Di sebuah desa kecil bernama Sukaporjo, hiduplah seorang gadis bernama Ais. Ia dikenal cerdas, pandai berbicara, dan cepat menanggapi setiap ucapan orang lain. Namun ada satu sifat buruk yang melekat padanya: lidahnya tajam. Ais sering berbicara seenaknya tanpa memikirkan perasaan orang lain.
“Kenapa kamu bodoh sekali?” katanya pada temannya yang salah menghitung saat pelajaran matematika.
“Aturan ini konyol! Guru itu tidak tahu apa-apa!” ucapnya keras-keras di depan kelas.
Banyak orang diam saja karena tahu Ais pintar, tapi diam-diam banyak hati yang terluka oleh ucapannya. Bahkan ibunya sering menegur,
“is, kata-katamu bisa jadi doa. Jangan sembarangan. Ingat, lidahmu bisa menentukan masa depanmu.”
Ais hanya tertawa. Ia merasa kata-katanya tak mungkin berpengaruh besar.
Suatu malam, setelah bertengkar dengan ayahnya, Ais keluar rumah sambil menggerutu.
“Ah, andai saja aku bisa hidup tanpa harus mendengar ceramah orang tua setiap hari!” katanya ketus.
Saat itu, ia tiba-tiba mendengar suara lirih dari belakang pohon besar dekat rumahnya.
“Kamu yakin dengan ucapanmu?”
Ais terkejut. Dari balik pohon, muncul seorang kakek tua berwajah asing, membawa tongkat kayu. Matanya tajam, seakan bisa menembus hati siapa saja.
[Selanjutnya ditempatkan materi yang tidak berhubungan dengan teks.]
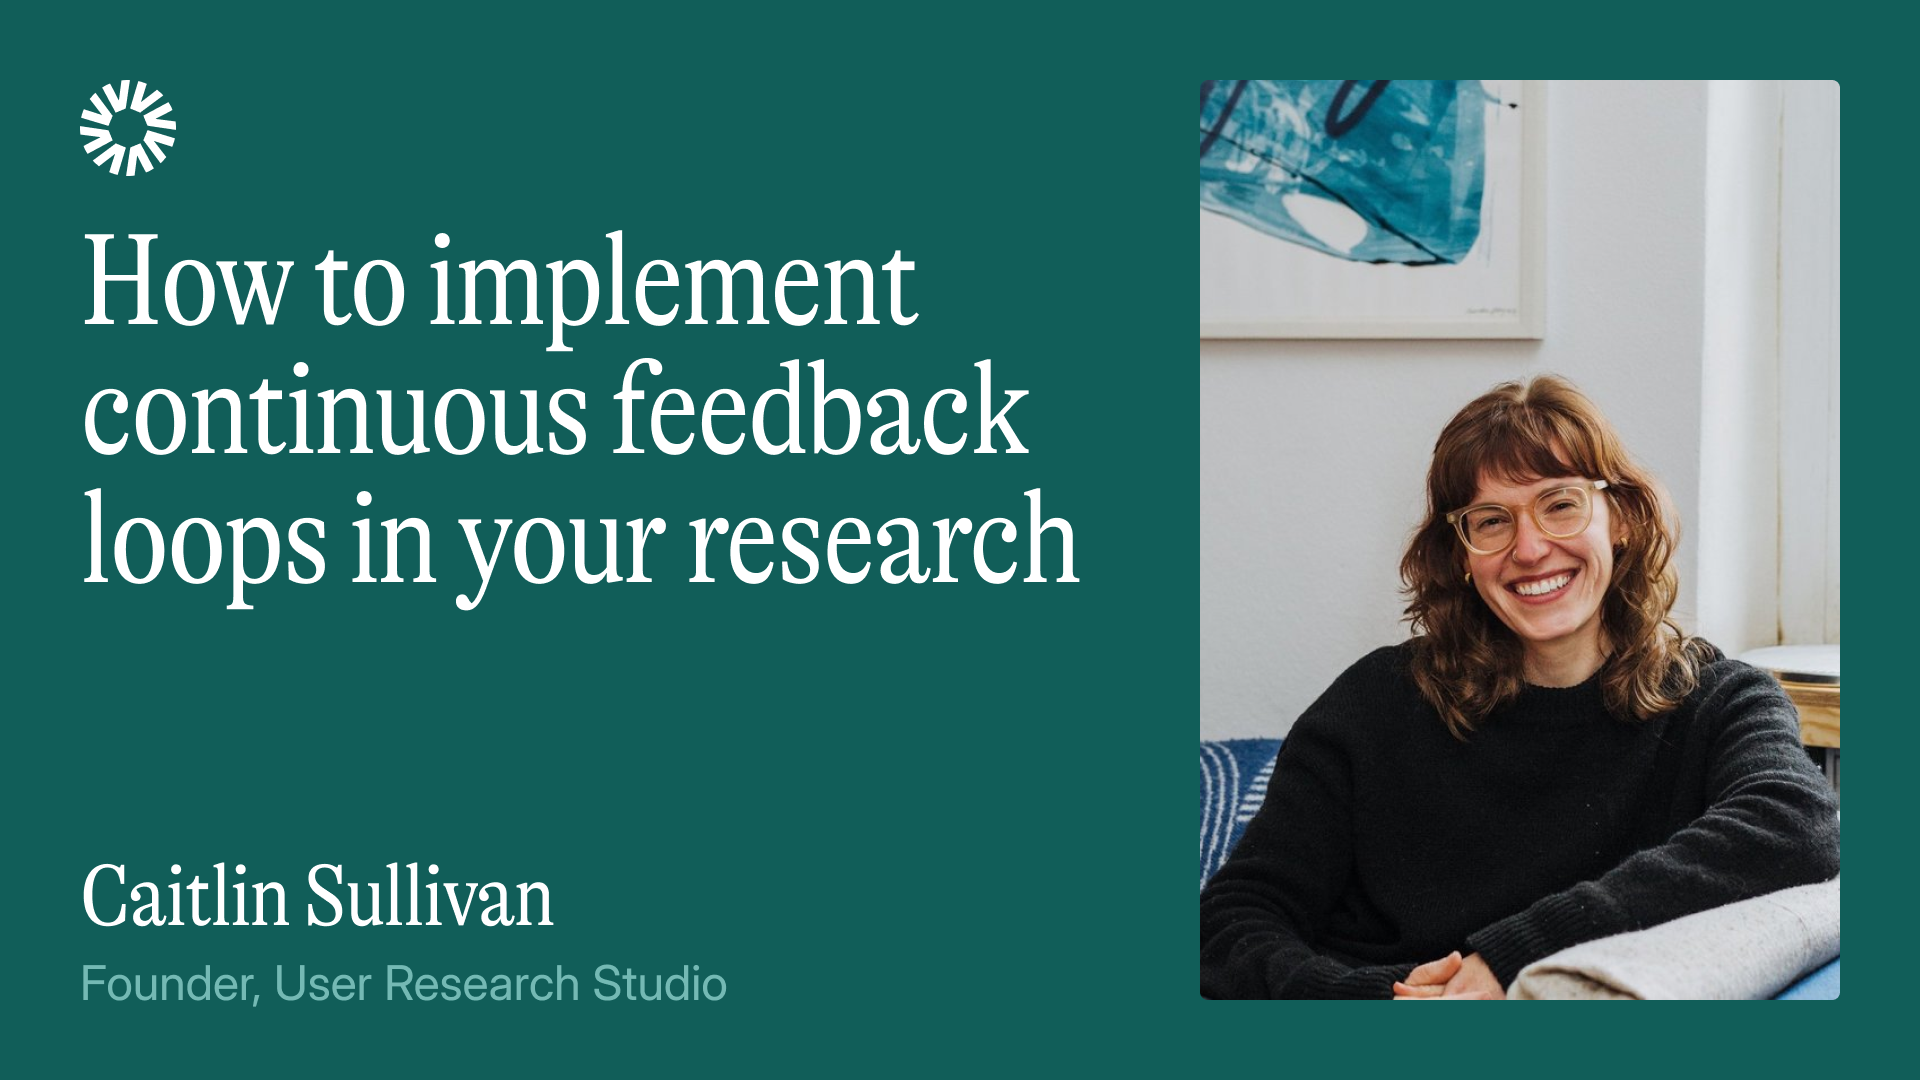 How to implement continuous feedback loops in your research

“Aku... siapa kakek?” tanya Ais gugup.
“Aku penjaga lidah manusia,” jawab kakek itu. “Setiap kata yang kau ucapkan akan membentuk jalan hidupmu. Kau sudah terlalu sering bermain-main dengan lidahmu. Mulai malam ini, apa pun yang kau ucapkan akan menjadi kenyataan.”
Seketika, tubuh Ais terasa dingin. Ia ingin tertawa, menganggap itu lelucon. Tapi sebelum sempat berkata apa-apa, kakek itu lenyap bagai asap.
Keesokan harinya, Ais berangkat ke sekolah. Di tengah jalan, ia melihat seekor anjing mengikutinya.
“Dasar anjing sialan! Semoga kau menghilang saja!” bentaknya.
Ajaib—anjing itu benar-benar lenyap di depan matanya. Ais terkejut, tubuhnya gemetar. Tapi ia juga penasaran.